- ASSIGNED TASK -
Please reproduce the listing in its entirety, exactly as written, but without images.

- COLLECTED DATA -
• • • • •

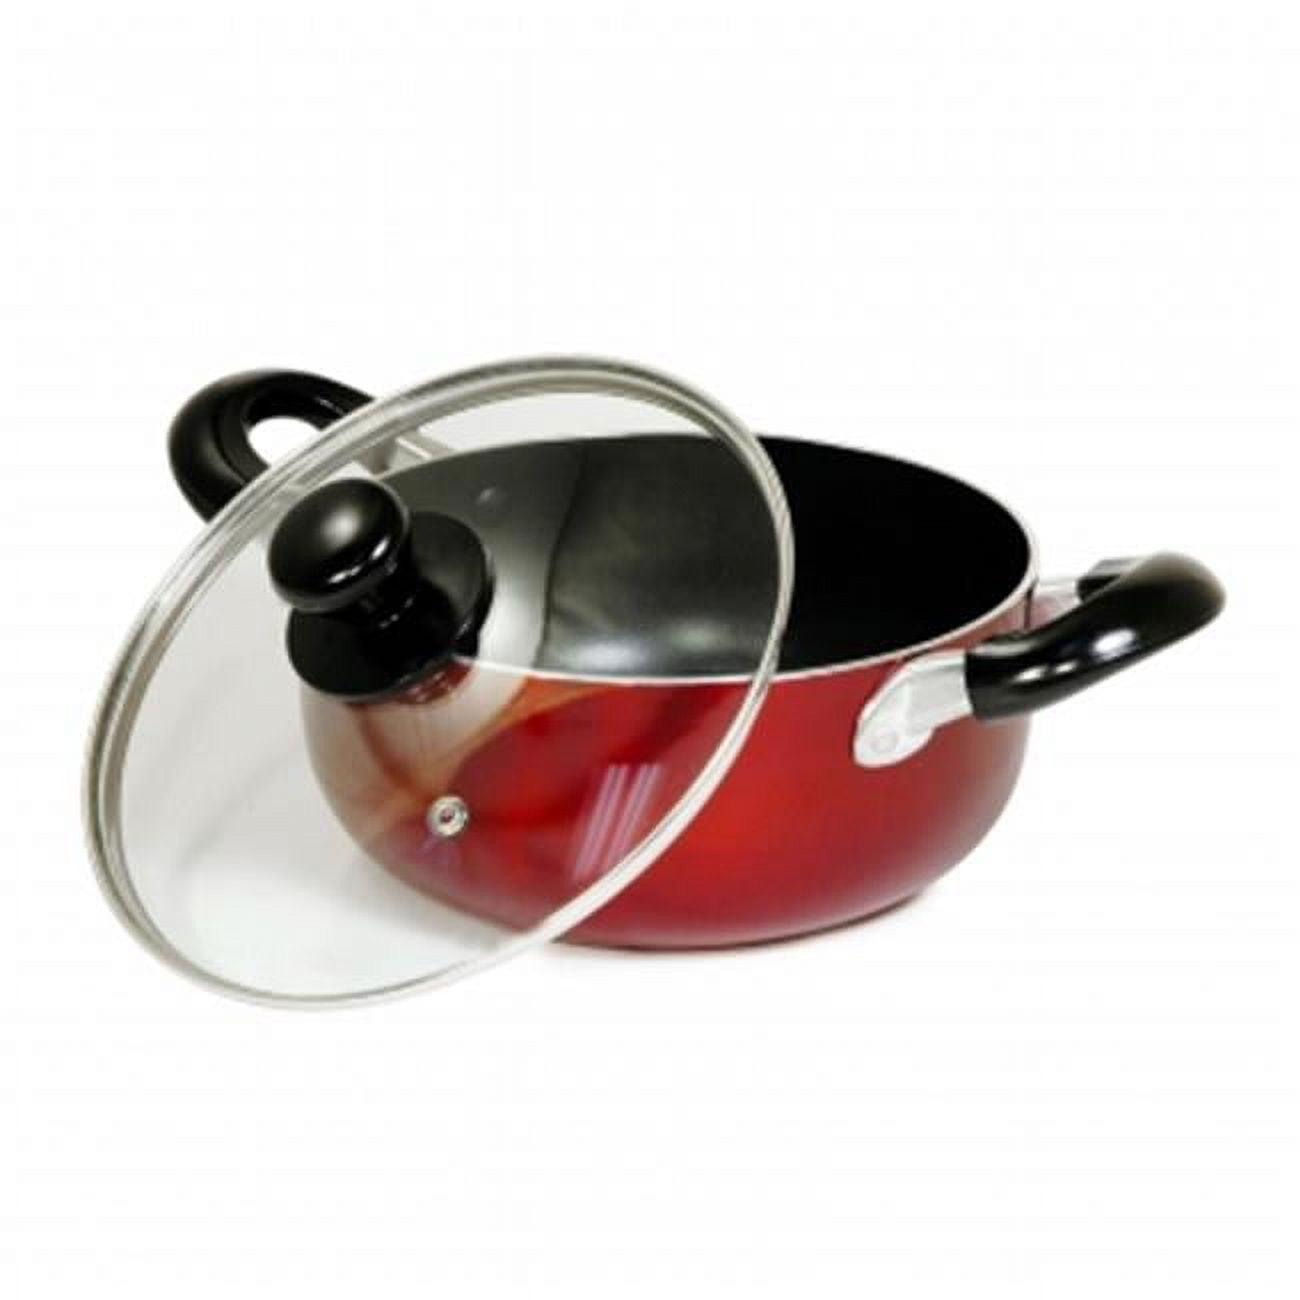 5 Qt. Aluminum Non-Stick Dutch Oven with See-Through Lid
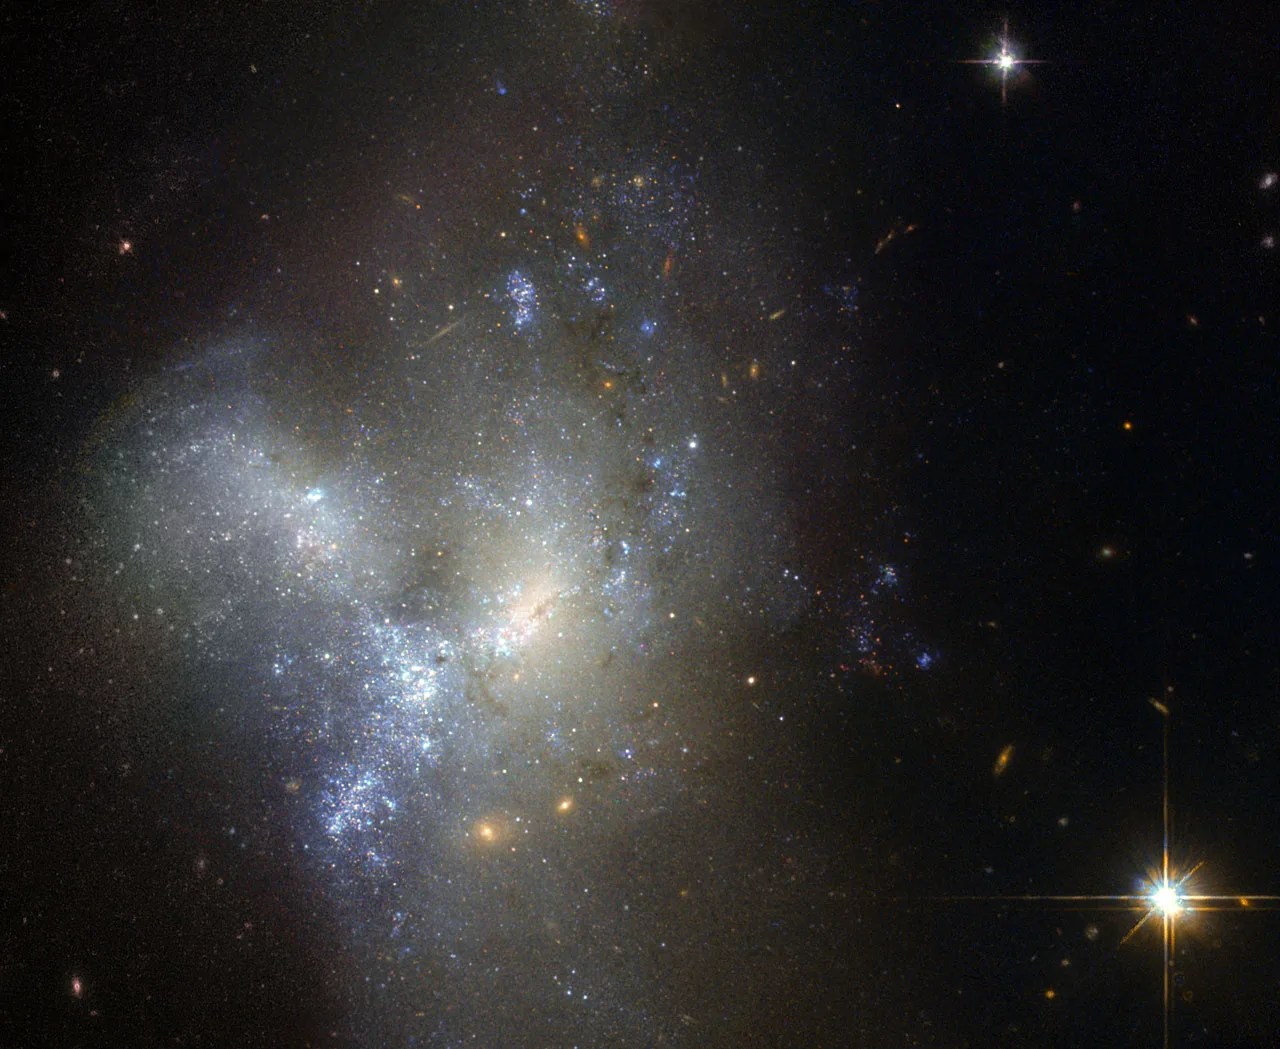 Two or more galaxies in the act of merging together
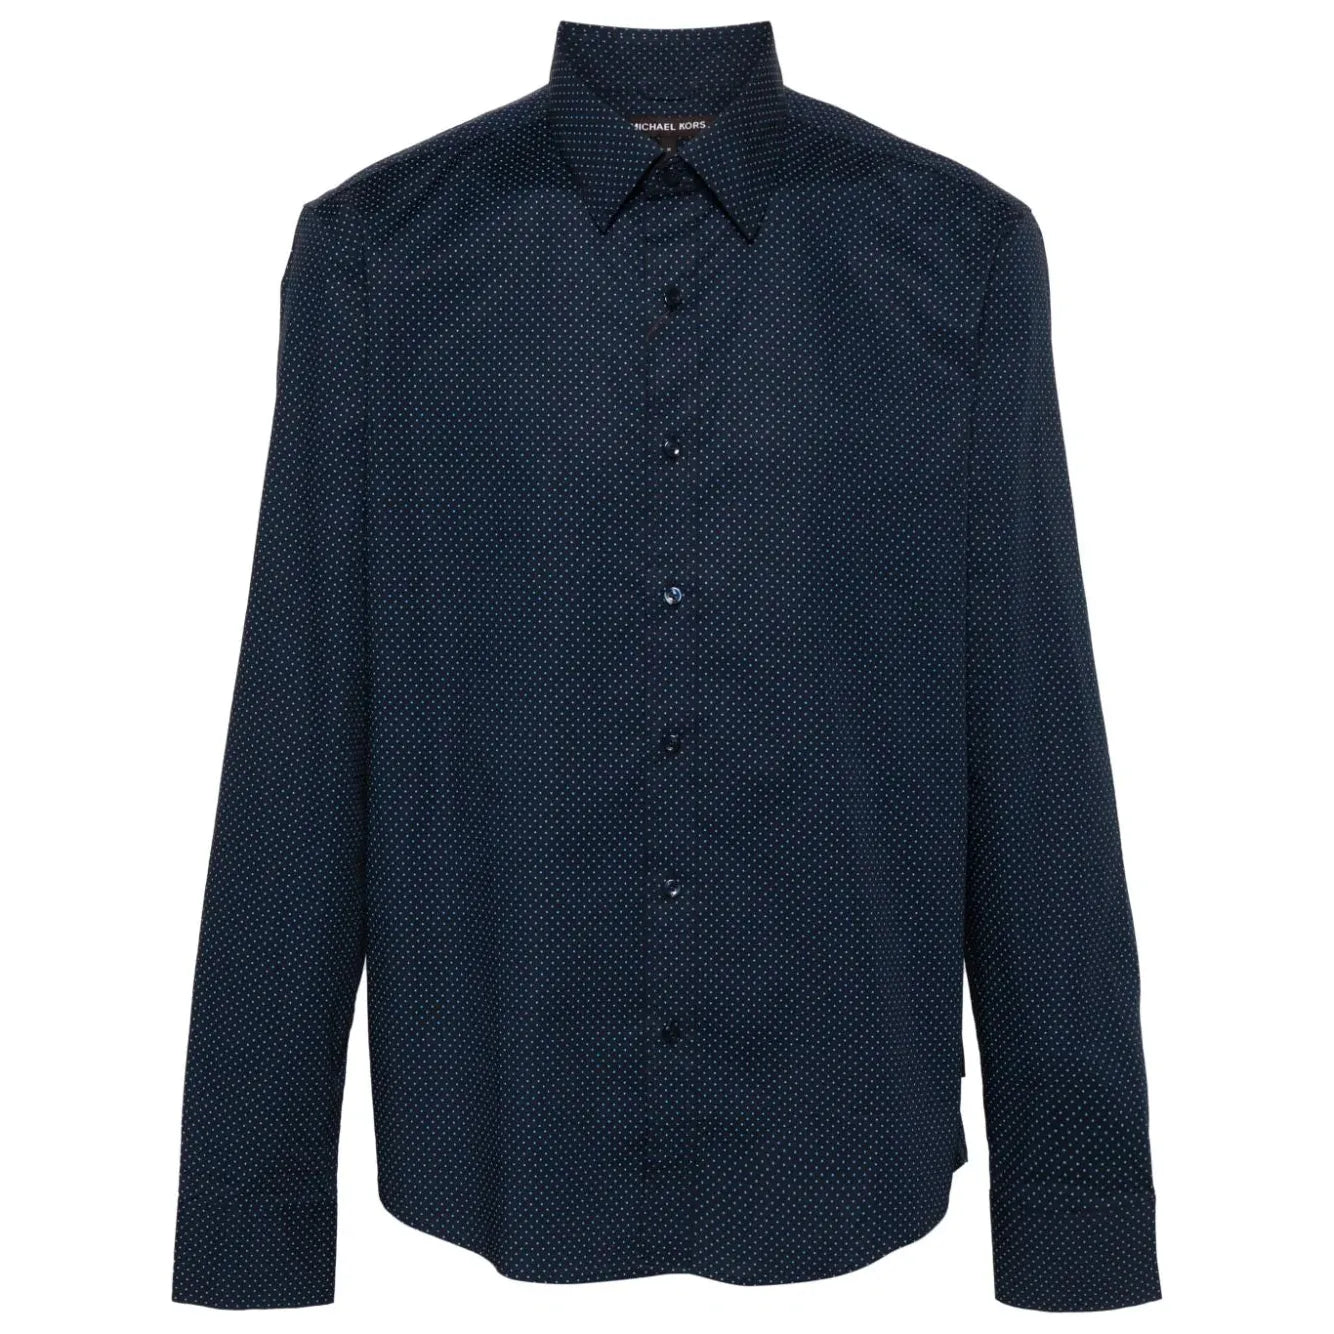 Micheal Kors - Long Slevve Button Up in Navy Dots
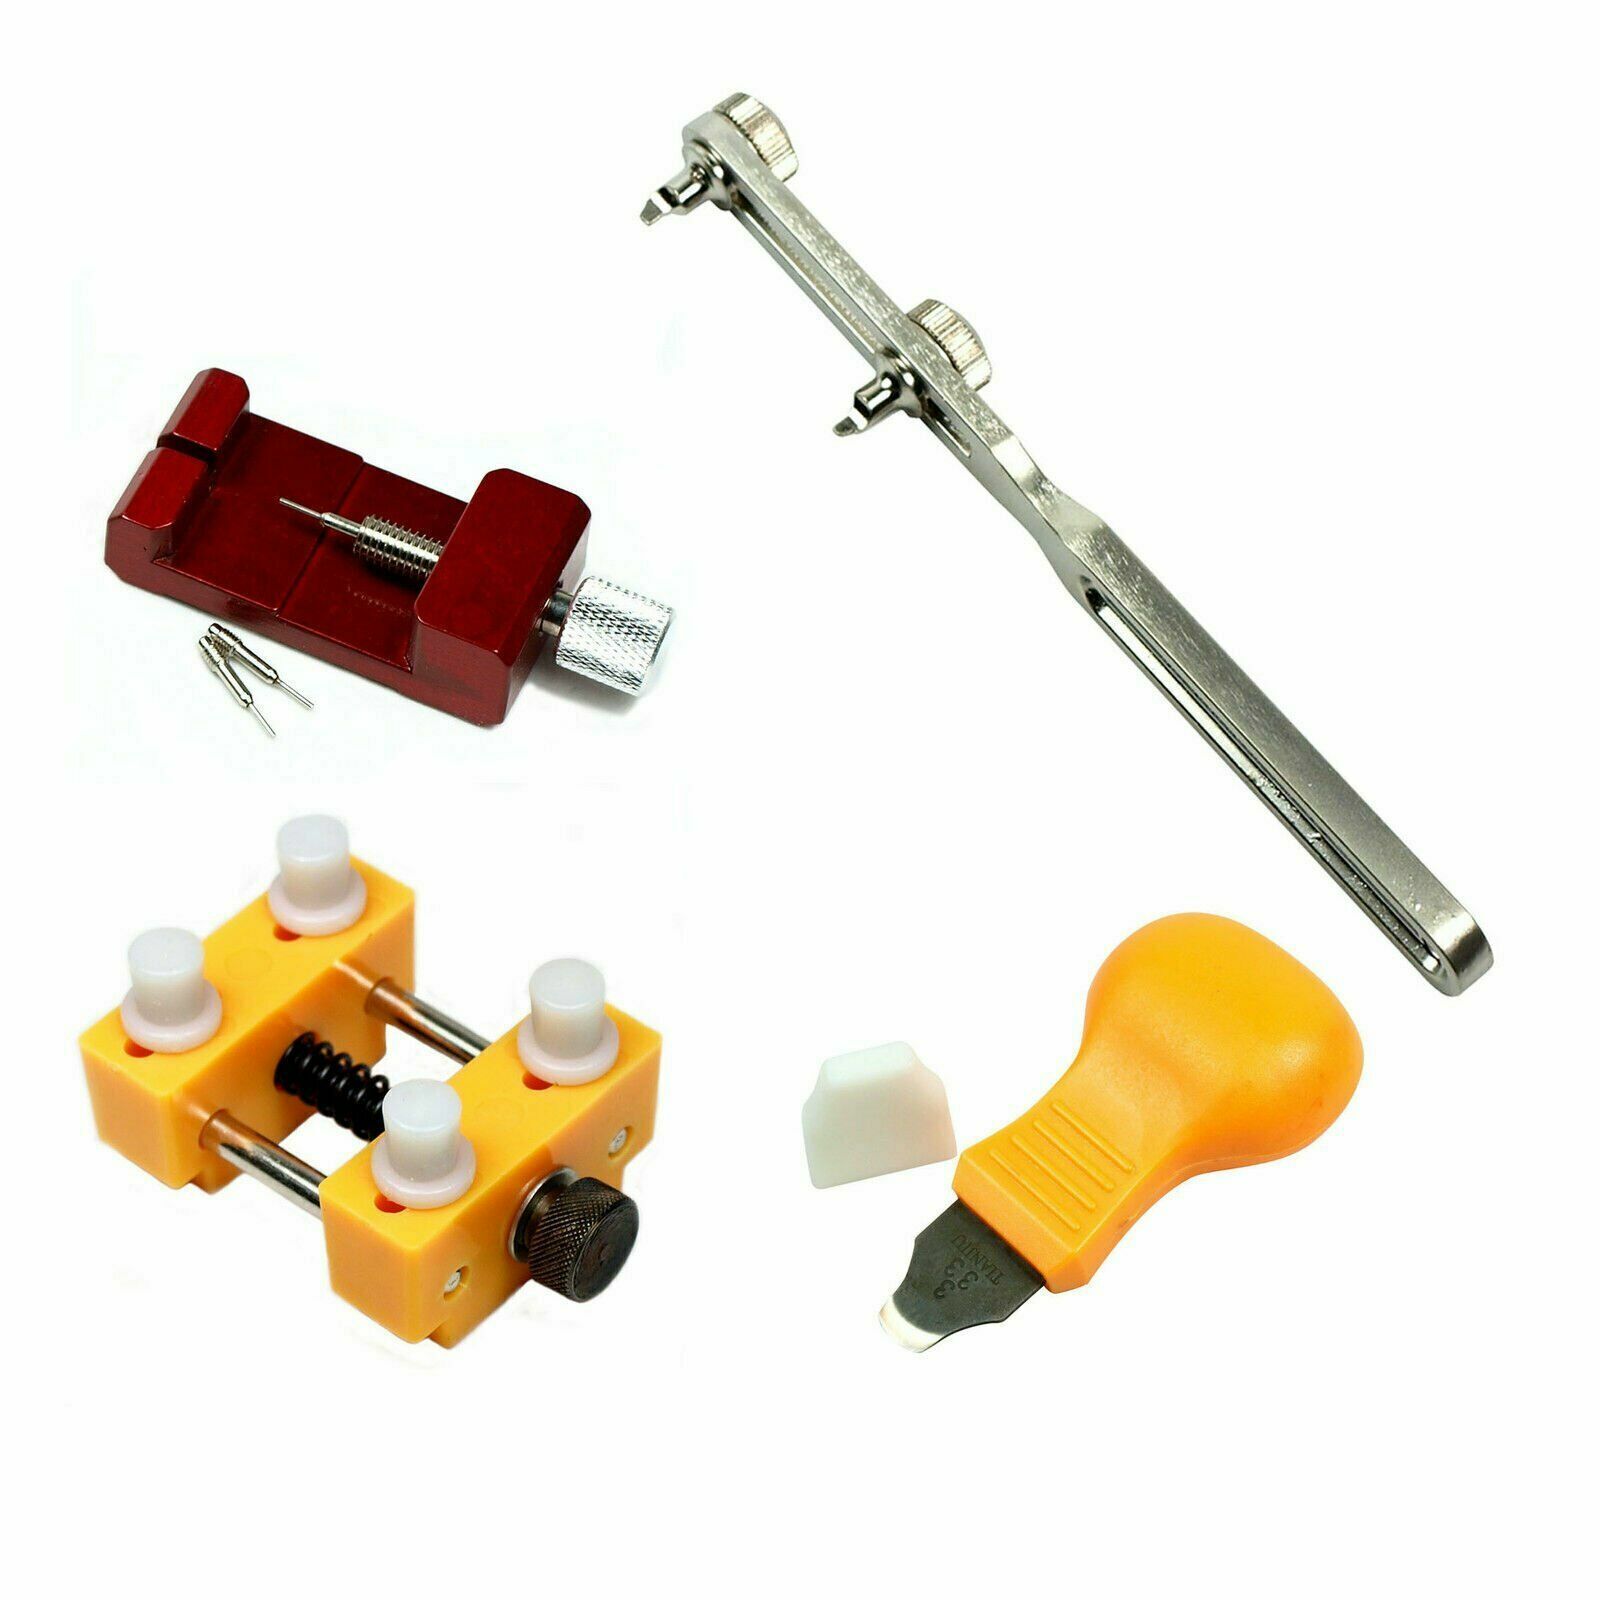 Watch Repair tool Kit - Case Opener Case Holder Link Pin Remover Case Knife

• • • • •

- TASK RESULT -
 5 Qt. Aluminum Non-Stick Dutch Oven with See-Through Lid
 Two or more galaxies in the act of merging together
 Micheal Kors - Long Slevve Button Up in Navy Dots
 Watch Repair tool Kit - Case Opener Case Holder Link Pin Remover Case Knife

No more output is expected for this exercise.